From the Massachusetts Nurse Newsletter
March 2010 Edition
|The two temporarily terminated nurses, (from left) Jean Travis and Cindy Pleau, celebrated with Providence committee members Jeannette Bilodeau, Danny DiRocco, Cindy Chaplin, Diane Michael, Marilyn Hernandez, Etienne Debaudringhien and Diane Sampson. Not pictured is Denny Glidden, bargaining unit co-chair.

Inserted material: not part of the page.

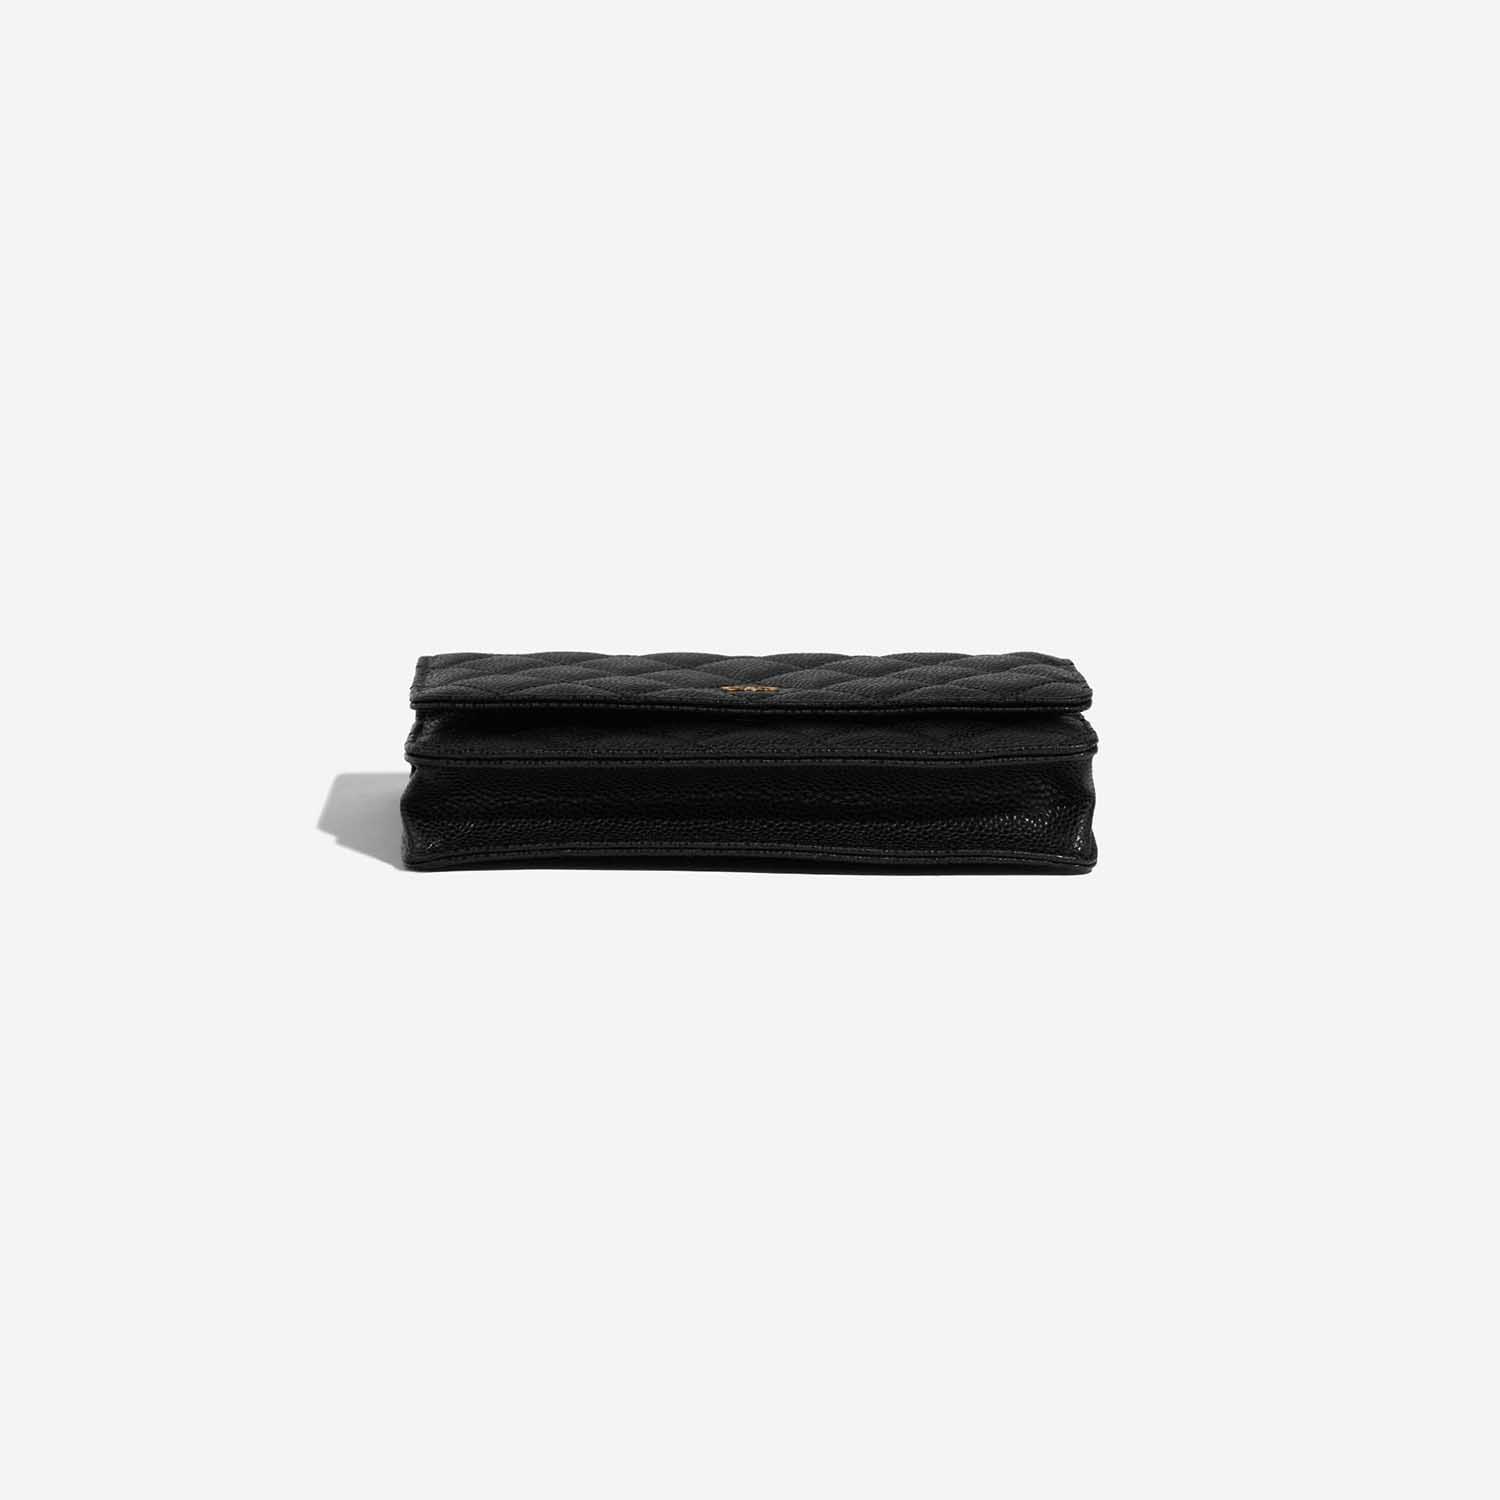 Pre-owned Chanel Tasche Timeless WOC Caviar-Leder Black Black Bottom | Verkaufen Sie Ihre Designer-Tasche auf Saclab.com
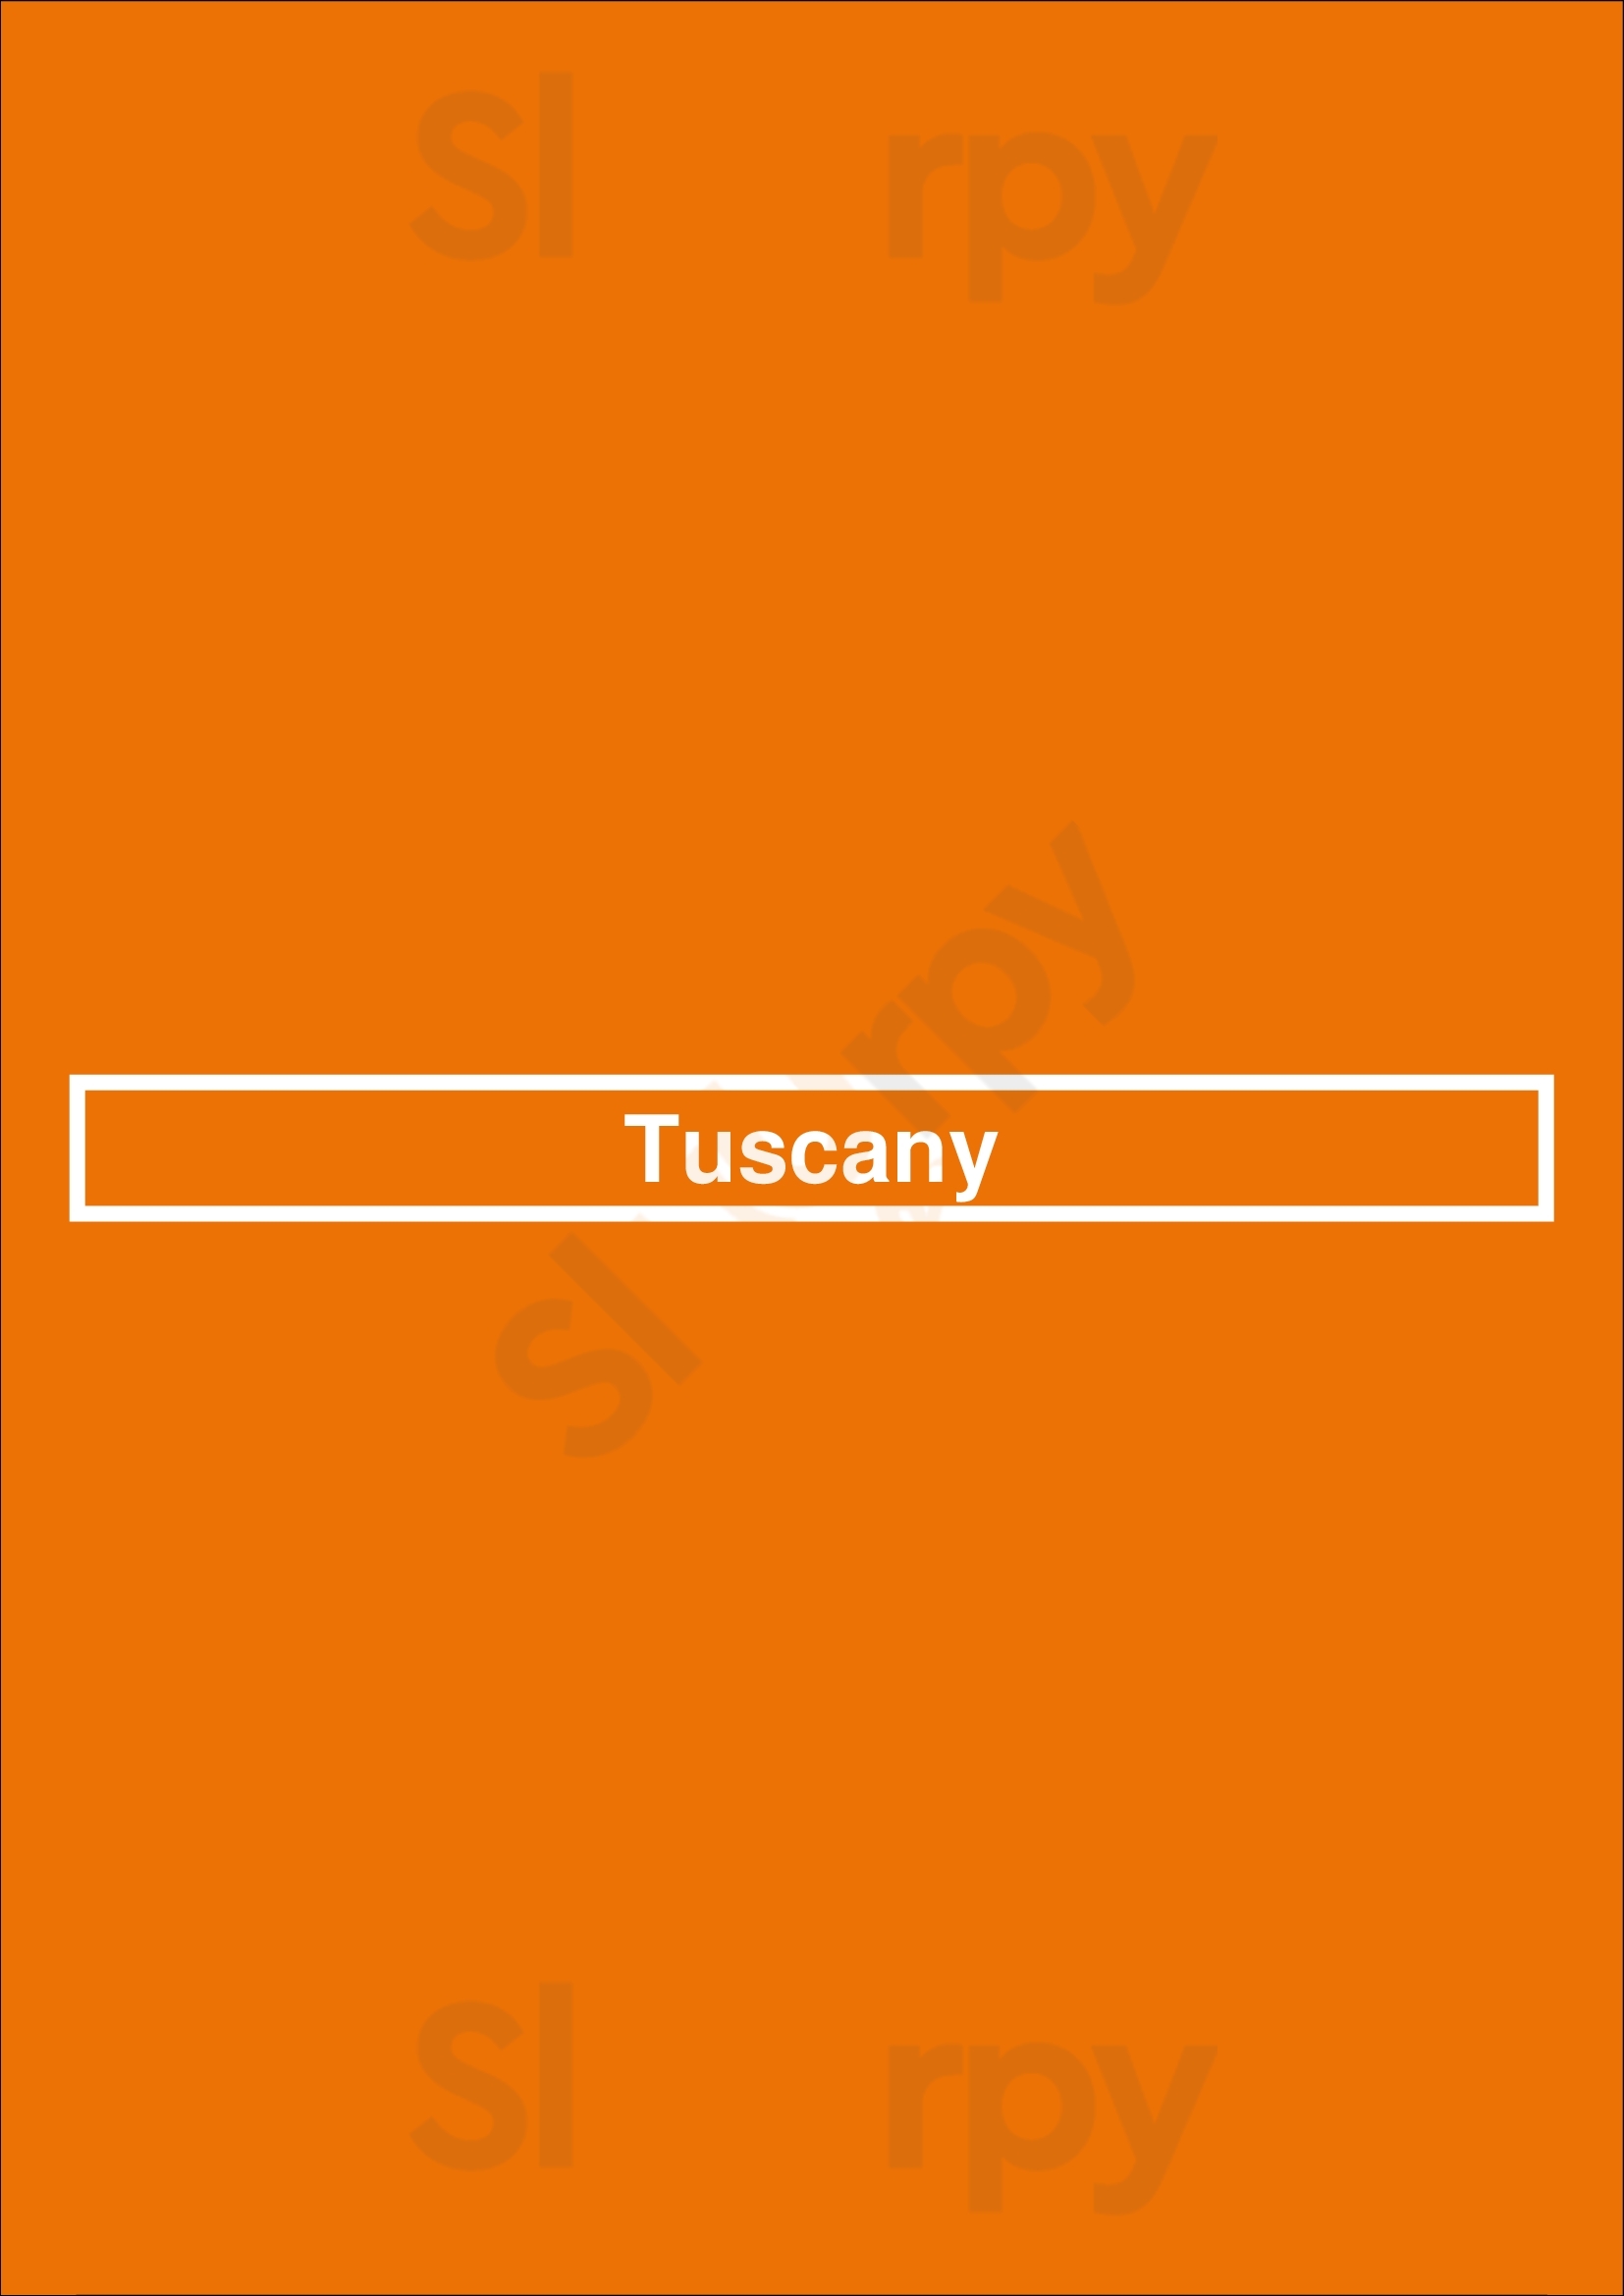 Tuscany Salt Lake City Menu - 1

On Dec. 23, 2009, shock waves ran through the tight knit group of staff working at Providence Behavioral Health Hospital in Holyoke, as hospital management unexpectedly fired two well-respected nurses from the 61-bed psychiatric hospital. Described as the “glue that holds the unit together,” the sudden terminations of these nurses had a devastating effect on the unit and the hospital as a whole. Jean Travis, one of the fired RNs, said the terminations came out of nowhere. “I have been an RN for 36 years and 15 of those years have been spent caring for patients at Providence,” said Travis. “Then, after all this time of stellar evaluations and a great record, I am fired out of the blue just days before Christmas. It was unbelievable.”
Two days before Christmas and in response to the unjust terminations, the MNA filed grievances, submitted information requests and held meetings with hospital staff. During this process the nurses and the mental health workers at the facility, who are represented by the UAW, wore red and black pins that read “Rehire the Fired Nurses” as a way of showing support for their beleaguered colleagues.
“Seeing all the MNA members and other hospital workers standing behind us we were confident we would get our jobs back,” said Cindy Pleau, RN and the other nurse who was fired.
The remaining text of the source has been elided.